What are the issues related to competition and entry by biosimilars?
The large number of patents surrounding Humira has made it difficult for biosimilar manufacturers to enter the market. Even after the expiration of the main patent on Humira in 2016, AbbVie has used its patent portfolio to delay the launch of biosimilars in the U.S. until 2023.
When was Amgen’s biosimilar entry?
Amgen’s biosimilar adalimumab-atto, Amjevita, was approved by the FDA in September 2016, but due to patent litigation and a settlement agreement with AbbVie, it was not launched in the U.S. until January 2023.
Briefly describe, with examples and numbers, the magnitude of the cost problems faced by the US healthcare system with Humira.
Humira is one of the most expensive drugs in the U.S., with a typical patient cost between 2,600 per month. The high cost of Humira has contributed to rising healthcare spending in the U.S., and has made it difficult for many patients to access this important treatment option.
Did the initial cost problems created by Humira for the US healthcare system change over subsequent years?

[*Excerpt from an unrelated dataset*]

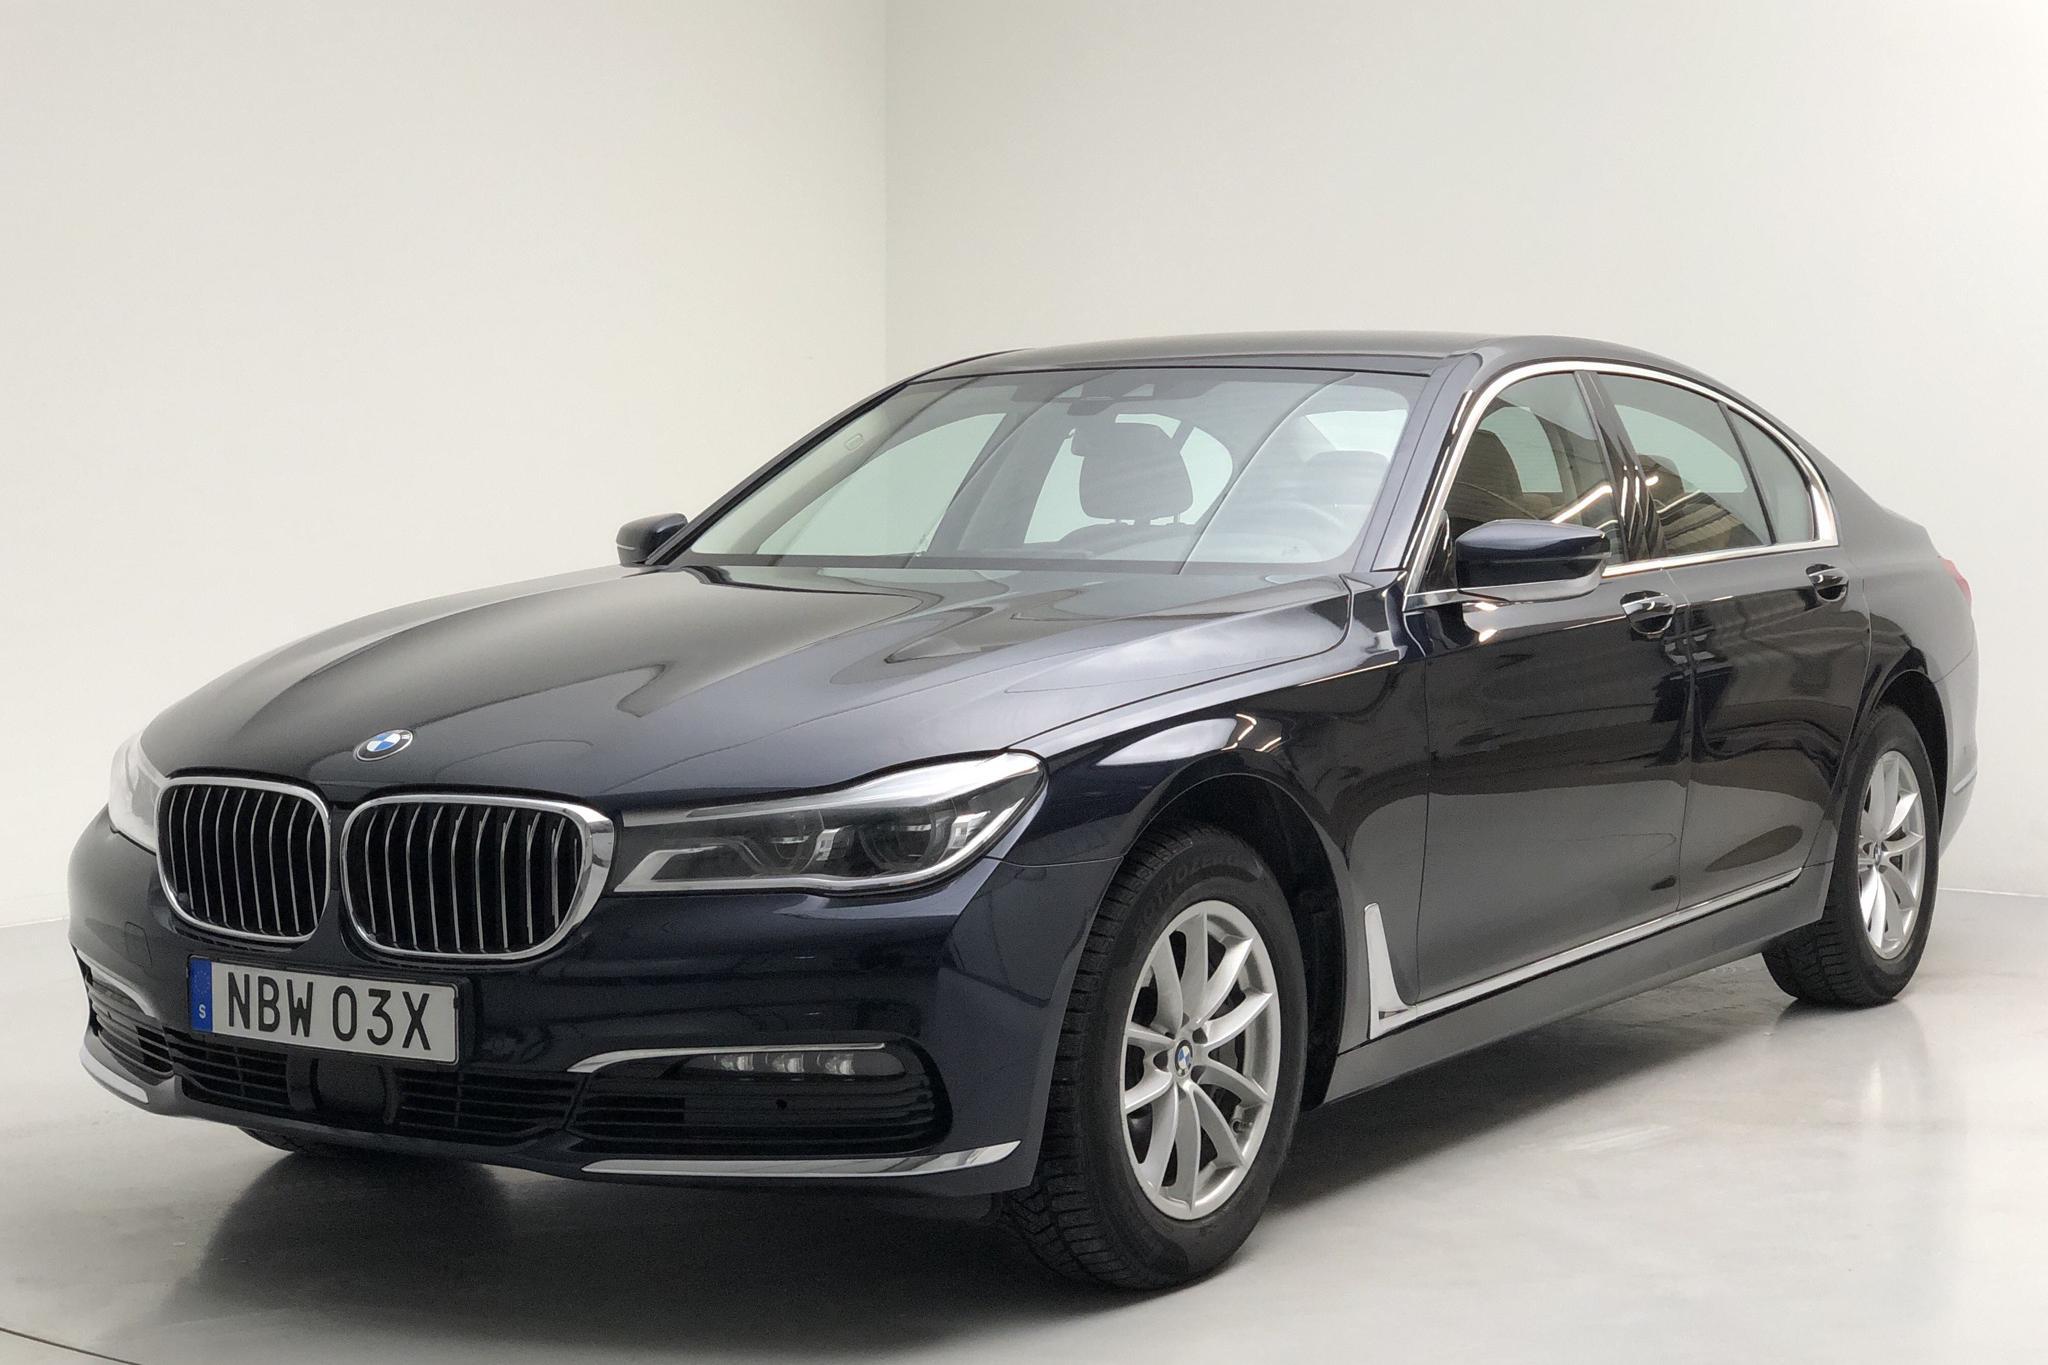 BMW 730d xDrive Sedan, G11 (265hk) - 74 530 km - Automatic - Dark Blue - 2018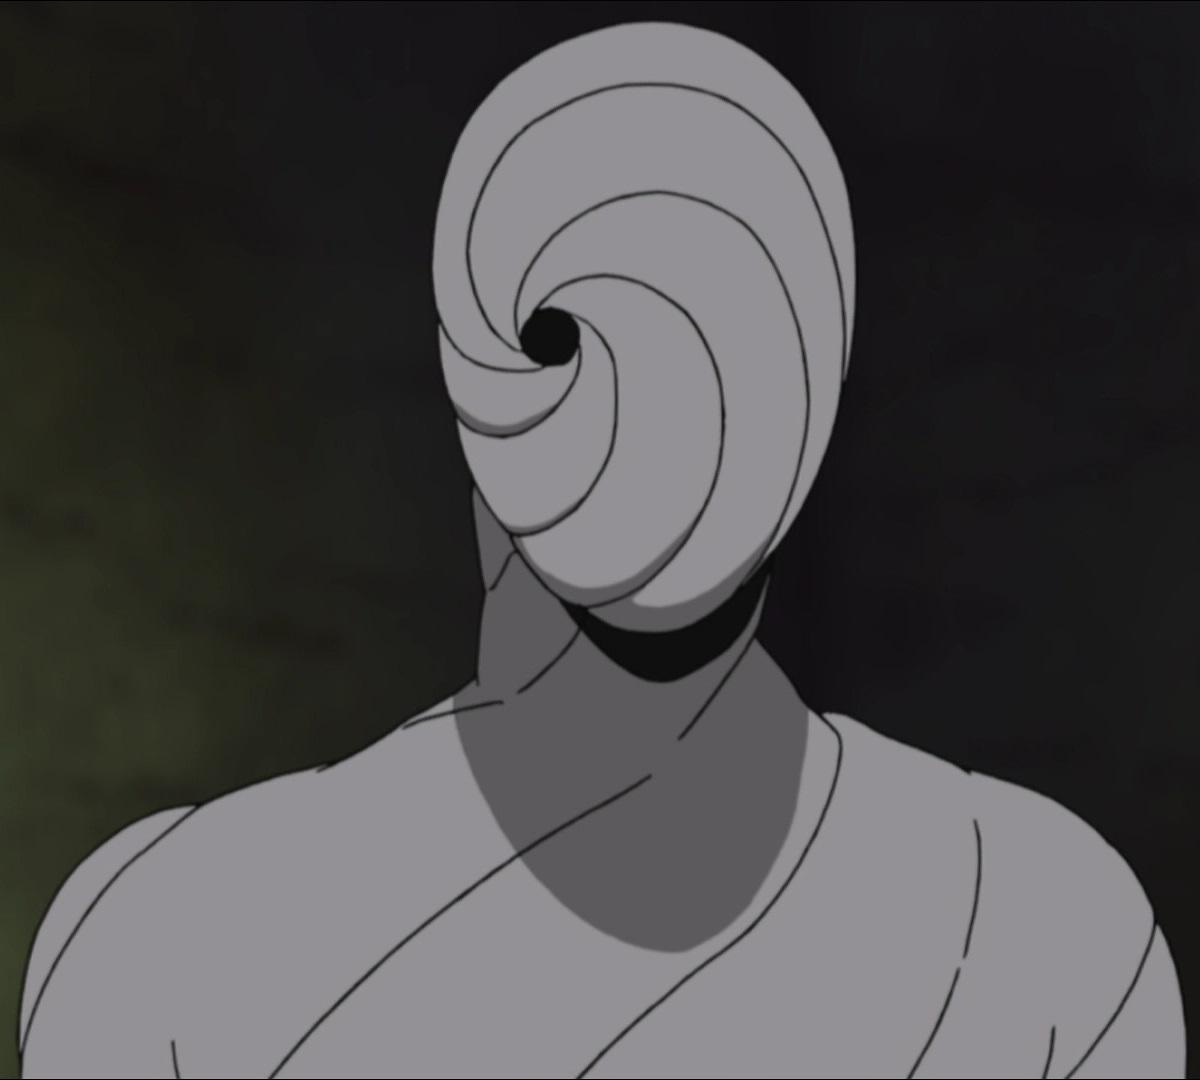 Tobi (Zetsu) | Naruto Wiki | Fandom powered by Wikia

Yes, the cost problems associated with Humira have increased over time, as AbbVie has steadily raised the price of the drug. In 2012, Humira cost about 38,000 per year.
What are the main reasons for the changes in Humira’s cost over time?
The main reason for the increase in Humira’s cost over time is AbbVie’s pricing strategy, which has involved regular price hikes, often exceeding the rate of inflation. Additionally, AbbVie has used its patent portfolio to delay the entry of biosimilars, which could have helped to lower the price of the drug.